Biopolymer Buried Interface Modification for Efficient Semitransparent Perovskite Solar Cells with Improved Carrier Dynamics

Abstract

Semitransparent perovskite solar cells (ST-PSCs) have the potential application in the buildings and vehicle integrated photovoltaics (IPV) to maximize the use of solar energy. However, to satisfy the criteria for applications in IPV, it is still challenging for ST-PSCs to meet high photoelectric conversion efficiency (PCE) and decent average visible transmittance (AVT) simultaneously. Herein, we firstly choose the commonly used Cs0.1FA0.9PbI3 to study the relationship between the perovskite film thickness and the crystallization quality for achieving the optimal perovskite film with high transmittance and excellent crystallization. Then, the natural biopolymer sodium hyaluronate (HA) was applied as the interface layer between the hole transport layer and the perovskite layer to further passivate the interface defect, regulate the carrier dynamics and improve device photovoltaic performance. The results show that HA effectively passivates the defects of the nickel oxide (NiOx) and perovskite layers, enhances the crystalline quality of perovskite film, inhibits non-radiative recombination at the interface, and increases the carrier extraction rate.

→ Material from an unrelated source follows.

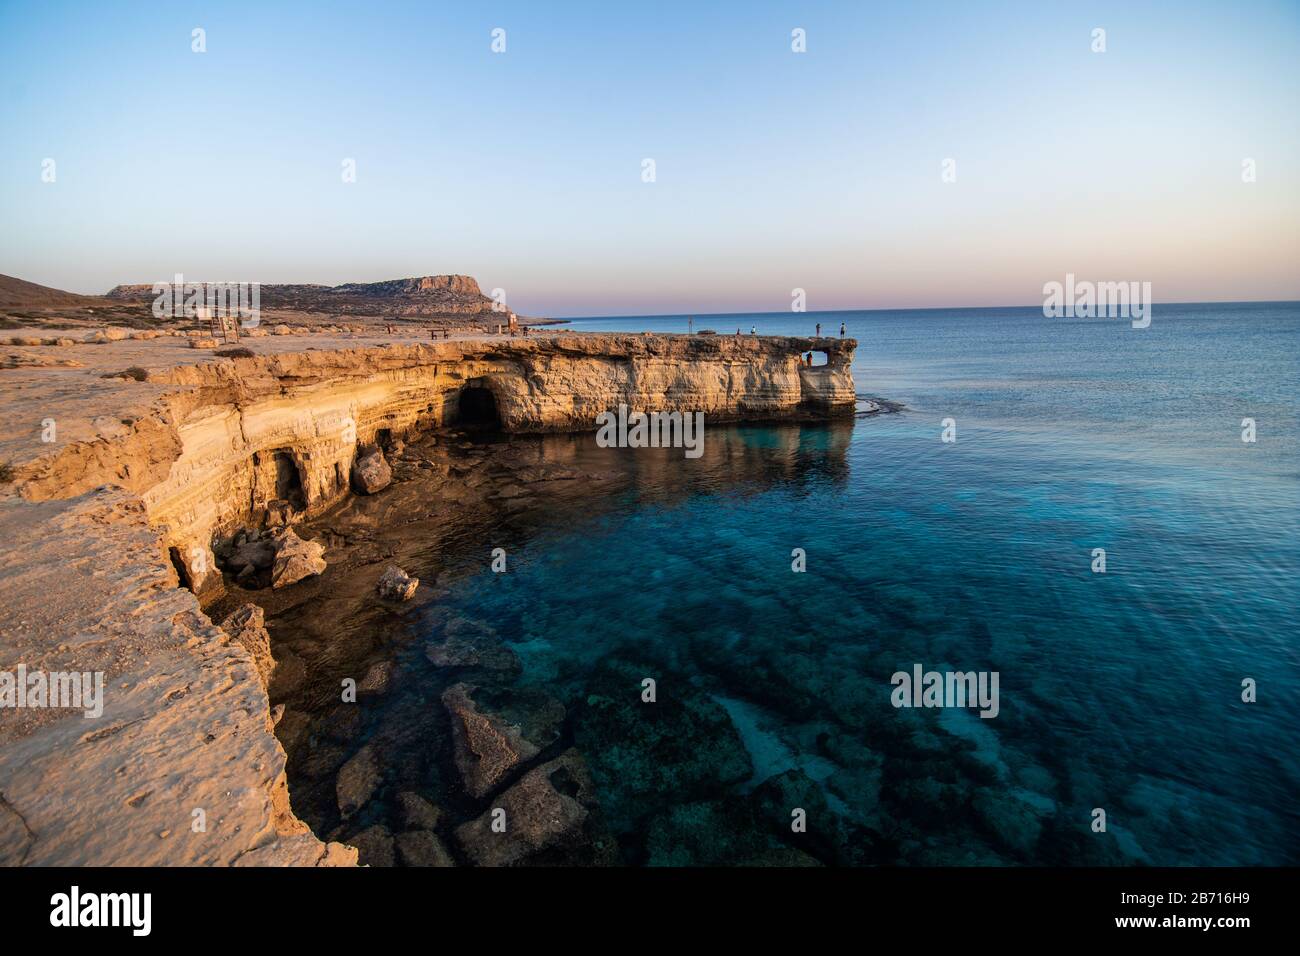 Arco de piedra y mar. Cape Greko, Agia Napa, Chipre Foto de stock

Therefore, the ST-PSCs device with HA modification achieves a maximum PCE 16.02%, with AVT 33% and light utilization rate 5.28%. In addition, the device retains about 92% of the initial PCE after aged 1100 h in air with 30%-40% relative humidity. This work provides a simple and efficient method to optimize the crystalline quality and improve interface carrier dynamics for achieving ST-PSCs with high PCE and AVT.